Training R^2 Score : 0.59
Test R^2 Score : 0.64


The training and test R<sup>2</sup> scores are the same for the LinearRegression model and the Ridge regression model. 

### GPT's EXPLANATION.

The `Ridge` model in scikit-learn is a type of linear regression model that includes regularization. Regularization is a technique used to prevent overfitting by adding a penalty to the size of the coefficients. Ridge regression is also known as L2 regularization.

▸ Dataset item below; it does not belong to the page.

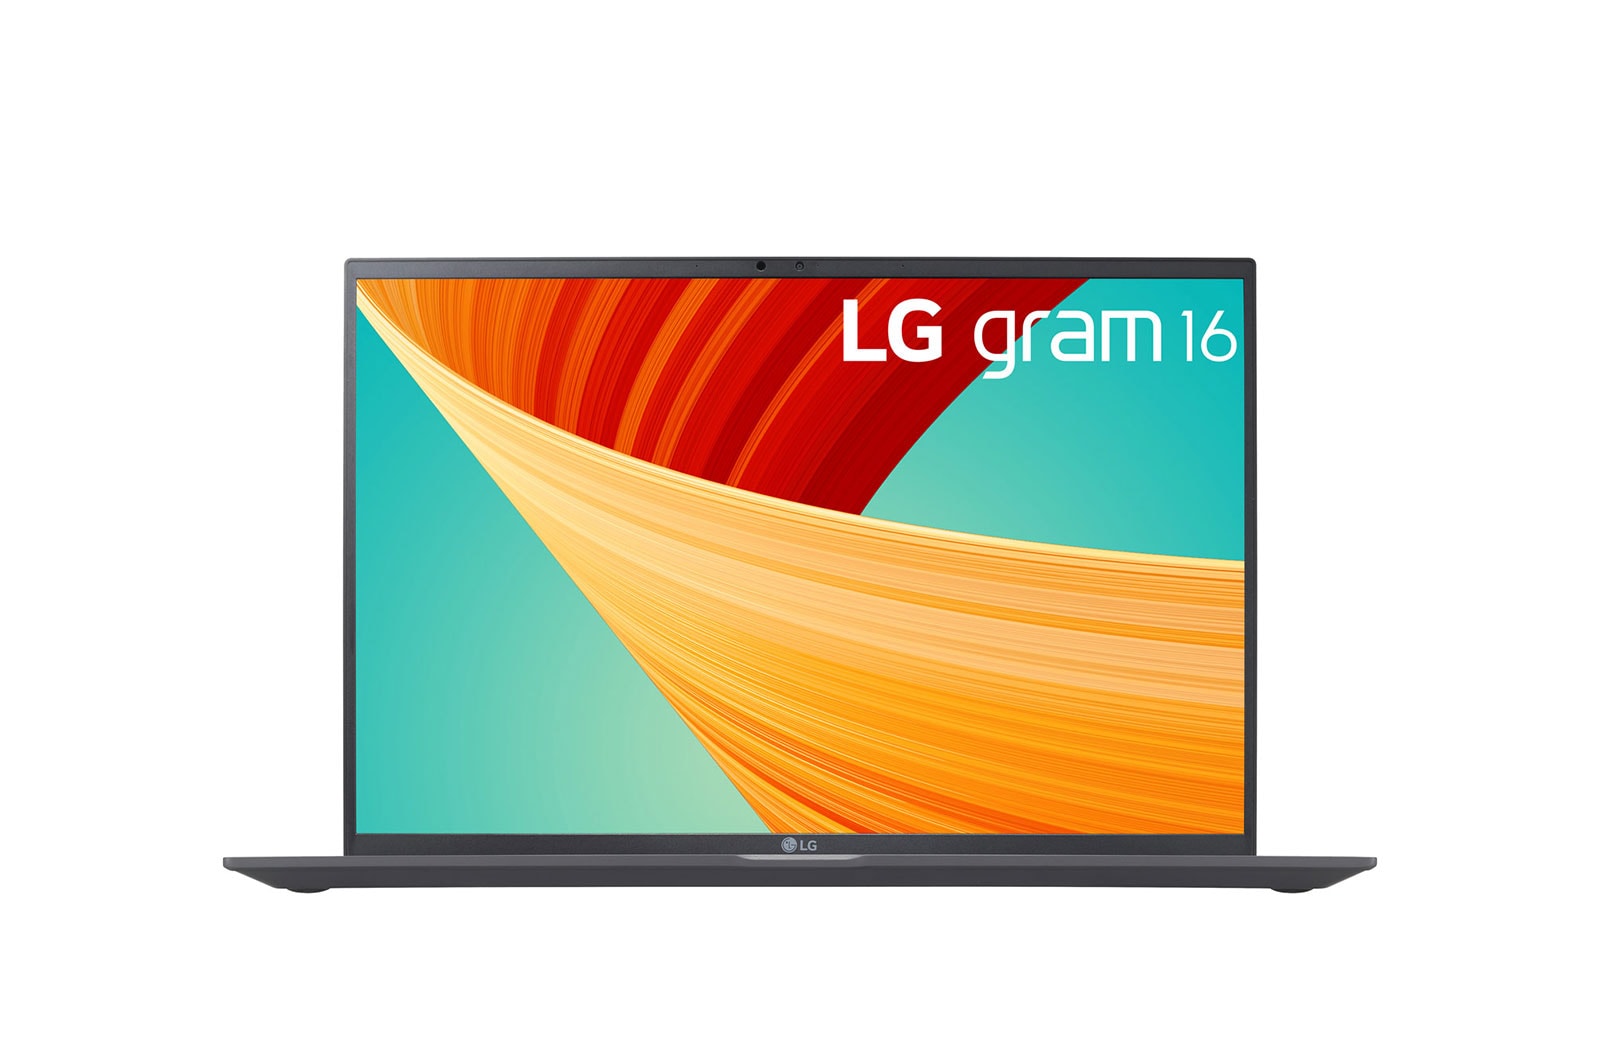 Le LG Gram 16, un ordinateur 16 pouces poids plume - La Voix du Nord

Here are the key aspects of the `Ridge` model:


1. **Regularization Strength (`alpha`)**: The parameter `alpha` controls the amount of regularization applied to the model. A higher value of `alpha` increases the regularization strength, which can help reduce overfitting but may also lead to underfitting. Conversely, a lower value of `alpha` reduces the regularization effect, making the model closer to ordinary least squares regression.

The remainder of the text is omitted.